Ada beberapa faktor yang diduga ikut berperan, antara lain: (1) obstruksi
bronkus, (2) infeksi pada bronkus atau paru, (3) adanya beberapa penyakit
tertentu seperti fibrosis paru, asthmatic pulmonary eosinophilia dan (4) faktor
intrinsik dalam bronkus atau paru.
Patogenesis pada kebanyakan bronkiektasis yang didapat,
diduga melalui dua mekanisme dasar.
1. Permulaannya didahului adanya infeksi bakterial.

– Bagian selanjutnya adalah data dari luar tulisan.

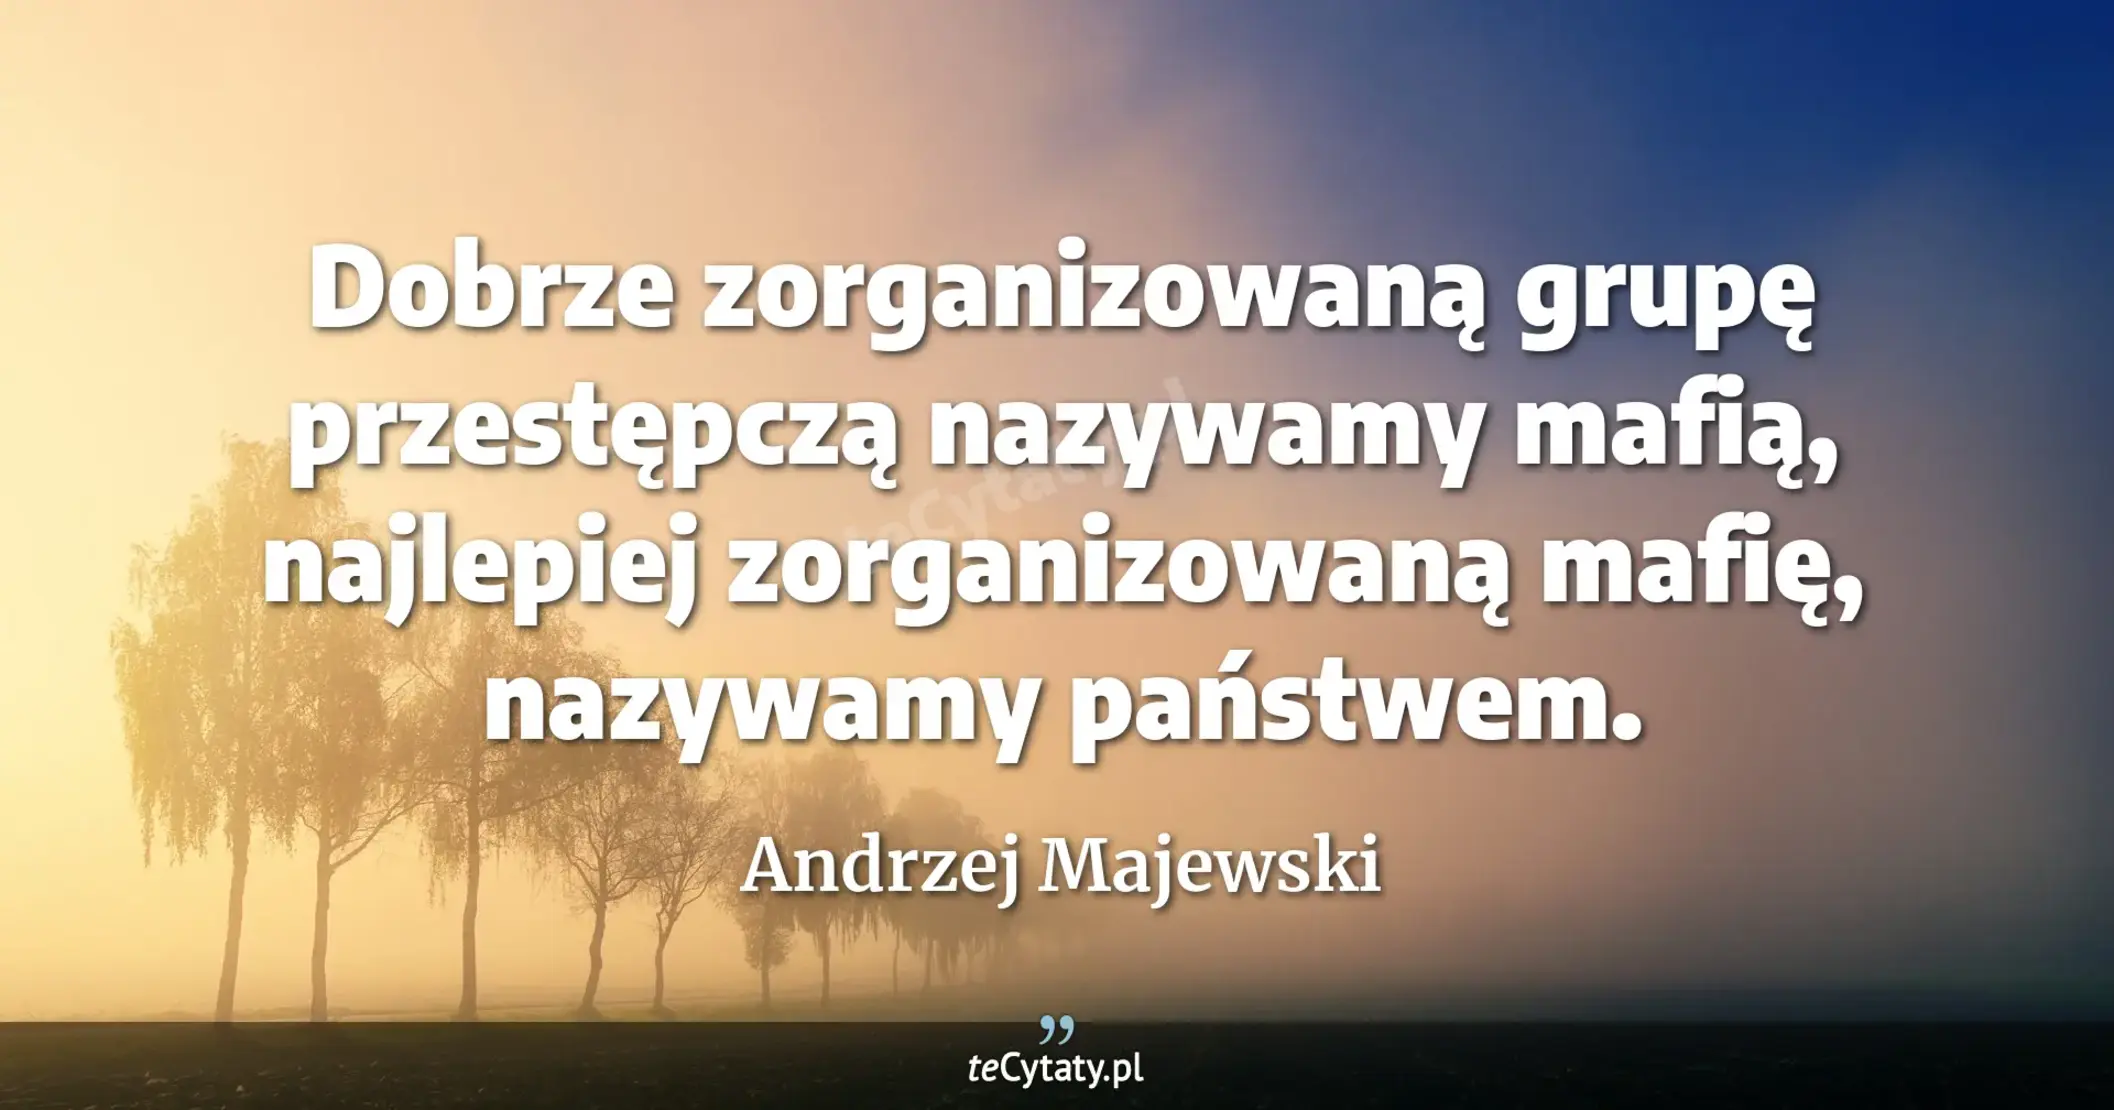 Dobrze zorganizowaną grupę przestępczą nazywamy mafią, najlepiej zorganizowaną mafię, nazywamy państwem. - Andrzej Majewski
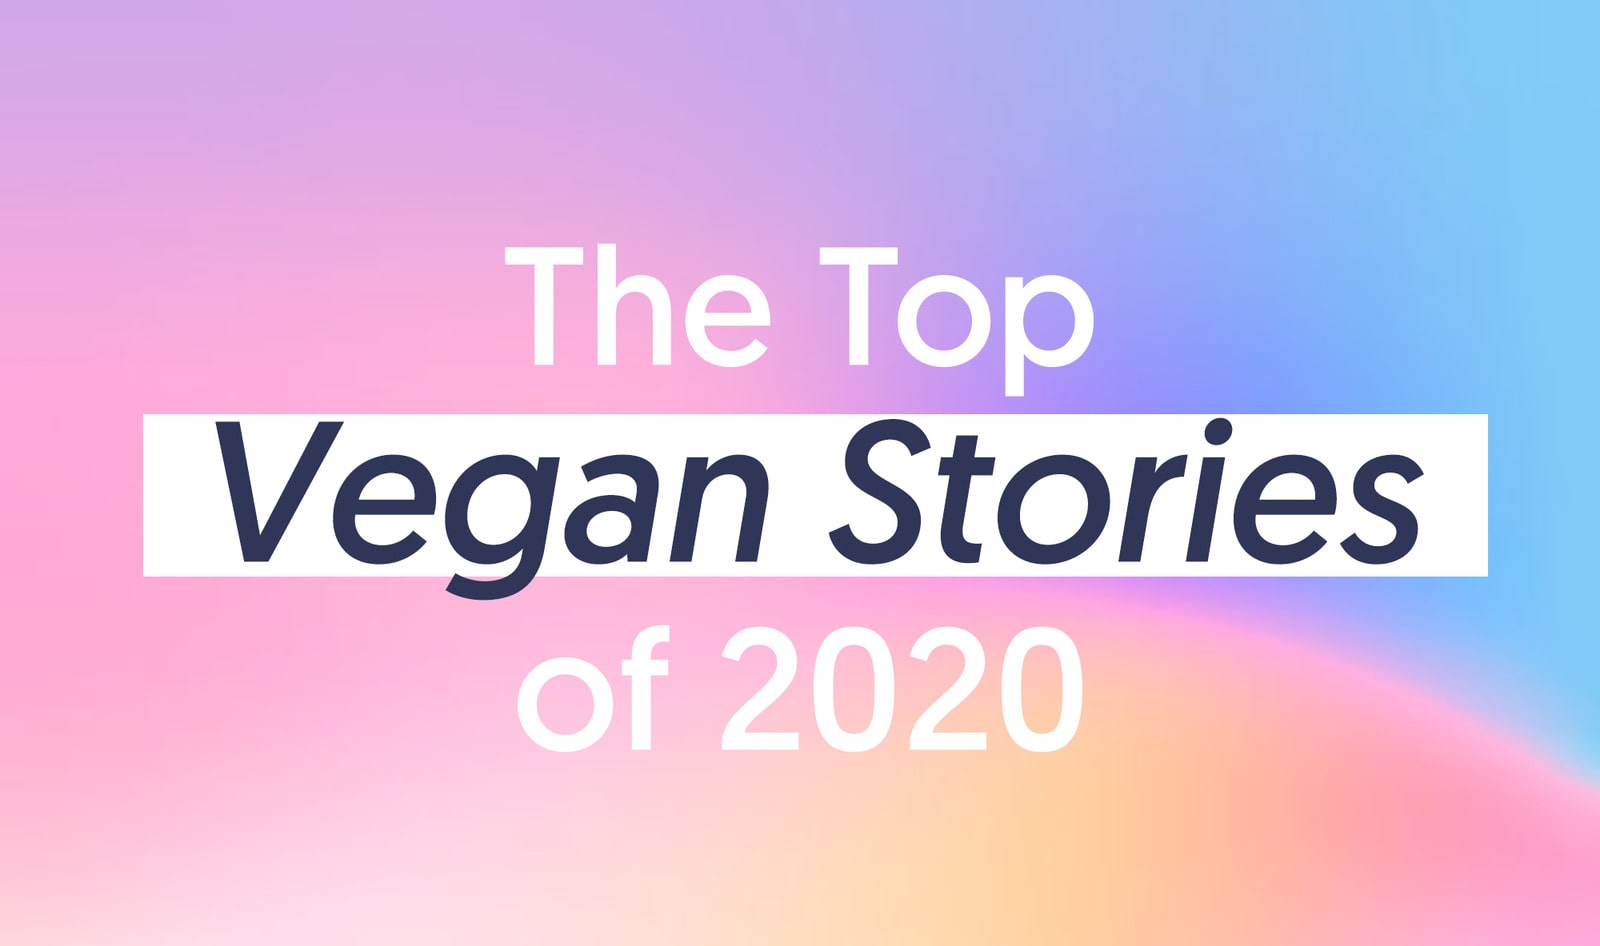 The Top 20 Vegan Stories of 2020

Mula-mula karena adanya infeksi pada bronkus atau paru, kemudian timbul bronkiektasis.
Mekanisme kejadiannya sangat rumit. Secara ringkas dapat dikatakan bahwa
infeksi pada bronkus atau paru, akan diikuti proses destruksi dinding bronkus
daerah infeksi dan kemudian timbul bronkiektasis.
a. Permulaannya didahului adanya obstruksi bronkus. Adanya
obstruksi bronkus oleh beberapa penyebab (misalnya tuberkulosis kelenjar limfe
pada anak, karsinoma bronkus, korpus alineum dalam bronkus) akan diikuti
terbentuknya bronkiektasis. Pada bagian distal obstruksi biasanya akan terjadi
infeksi dan destruksi bronkus, kemudian terjadi bronkiektasis.
Pada bronkiektasis didapat, pada keadaan yang amat jarang,
dapat terjadi atau timbul sesudah masuknya bahan kimia korosif (biasanya bahan
hidrokarbon) ke dalam saluran nafas dan karena terjadinya aspirasi berulang
bahan/cairan lambung ke dalam paru.
Seperti diketahui, bronkiektasis merupakan penyakit paru
yang mengenai bronkus dan sifatnya kronik. Keluhan-keluhan yang timbul
berlangsung kronik dan menetap. Keluhan-keluhan yang timbul berhubungan erat
dengan: (1) luas atau banyaknya bronkus yang terkena, (2) tingkatan beratnya
penyakit, (3) lokasi bronkus yang terkena dan (4) ada atau tidak adanya
komplikasi lanjut.Pada bronkiektasis, keluhan-keluhan timbul umumnya sebagai
akibat adanya beberapa hal berikut: (1) adanya kerusakan dinding bronkus, (2)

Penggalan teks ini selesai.